The California Dental Association (CDA) is sponsoring legislation to apply patient protections and market reforms -- including a minimum loss ratio on patient premiums -- to dental plans participating in California's Covered California health benefit exchange.
The Patient Protection and Affordable Care Act (ACA) includes many consumer-focused provisions that have already gone into effect, but only apply to medical plans, the CDA noted in a press release. Sacramento Assemblyman Richard Pan, MD (D-Sacramento), who chairs the Assembly Health Committee, has introduced AB 18; if passed by the Legislature and signed by the governor, the bill would represent the first time these federal patient protections would be applied to dental plans participating in the small group market inside and outside the new health benefit exchange created by the ACA.
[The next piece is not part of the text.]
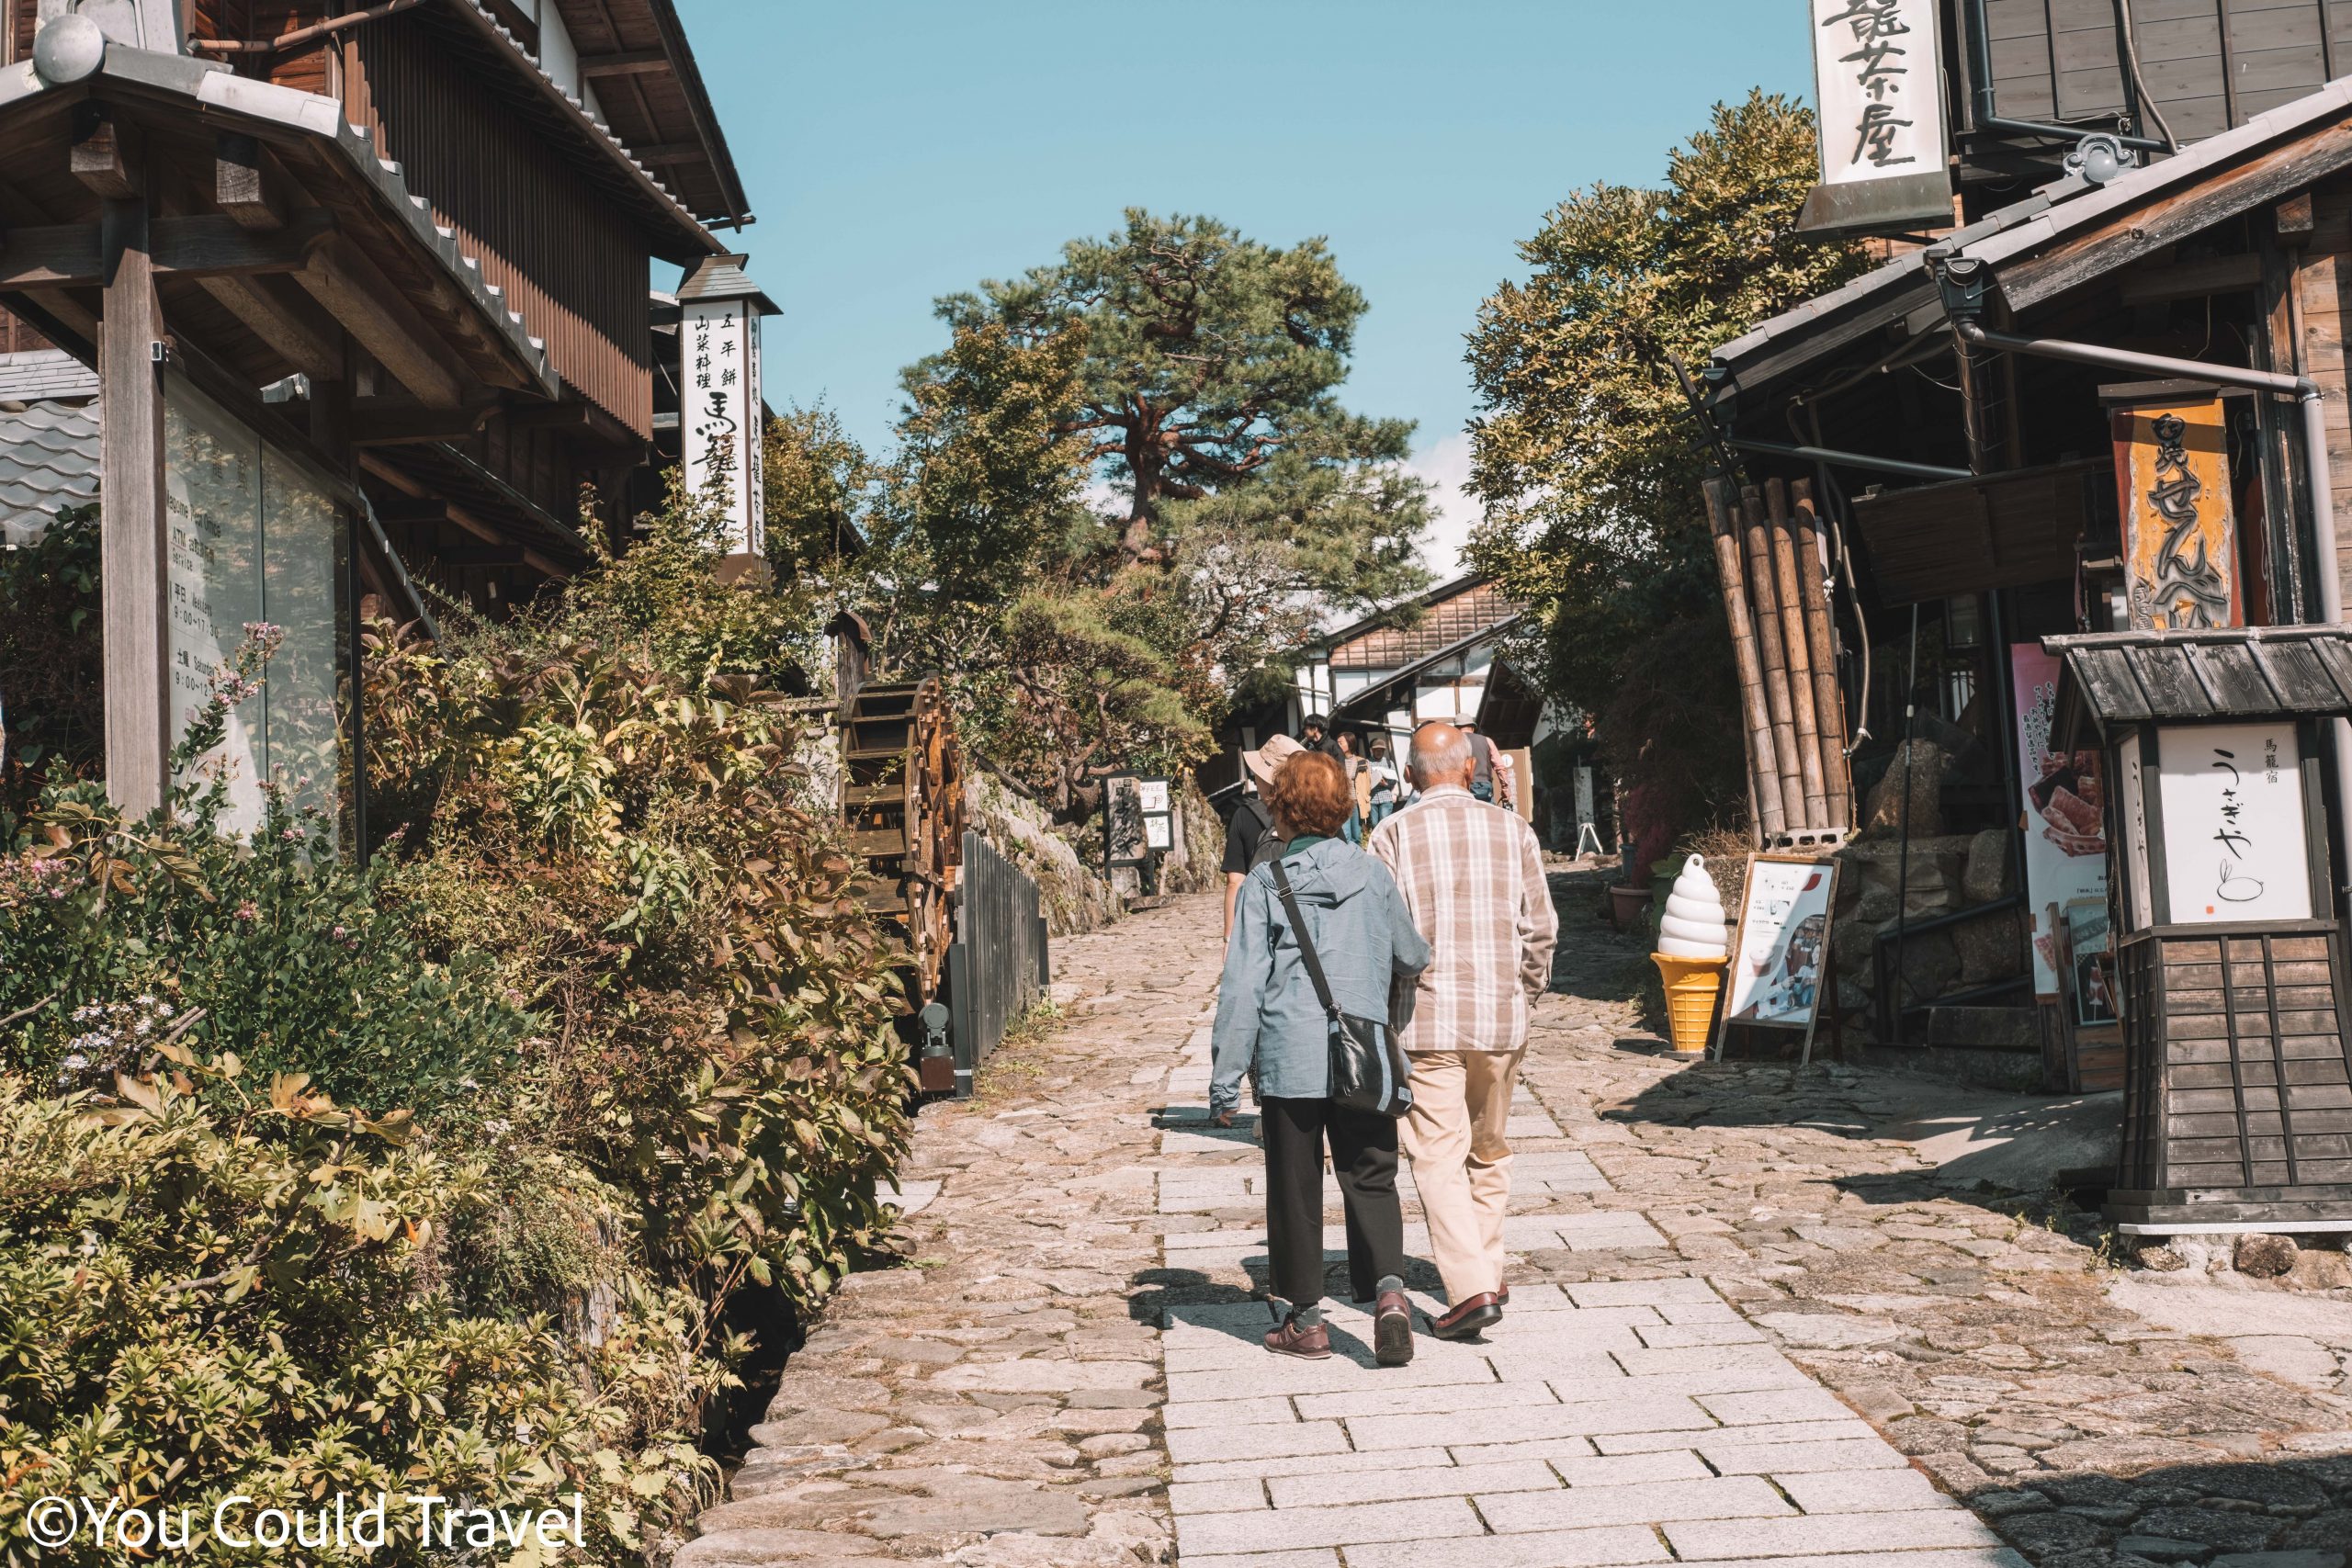 Magome Juku is now a thriving attraction in Japan

Dr. Pan is a pediatrician who works in federally qualified health centers.
One of the most critical provisions would be establishing a dental loss ratio (DLR) or a medical loss ratio to dental plans offering products in the exchange. A DLR would require a minimum percentage of a dental plan's gross premium collections to be spent on actual treatment and care.
In other words, the bill limits the amount of premium collections that can be applied to the plan's administration of the benefit (less taxes and fees). If the plan fails to do so, the plan must reimburse each policyholder. The proposed DLR percentage is still being determined in consultation with legislative analysts, Covered California, and the department of managed health care.
AB 18 was originally introduced at the request of CDA and other dental stakeholders to make critical and time sensitive corrections to current state law surrounding implementation of the ACA.
The bill also includes provider network adequacy requirements, timely access to care standards, prohibition on annual and lifetime caps on services, and premium rate review by regulators.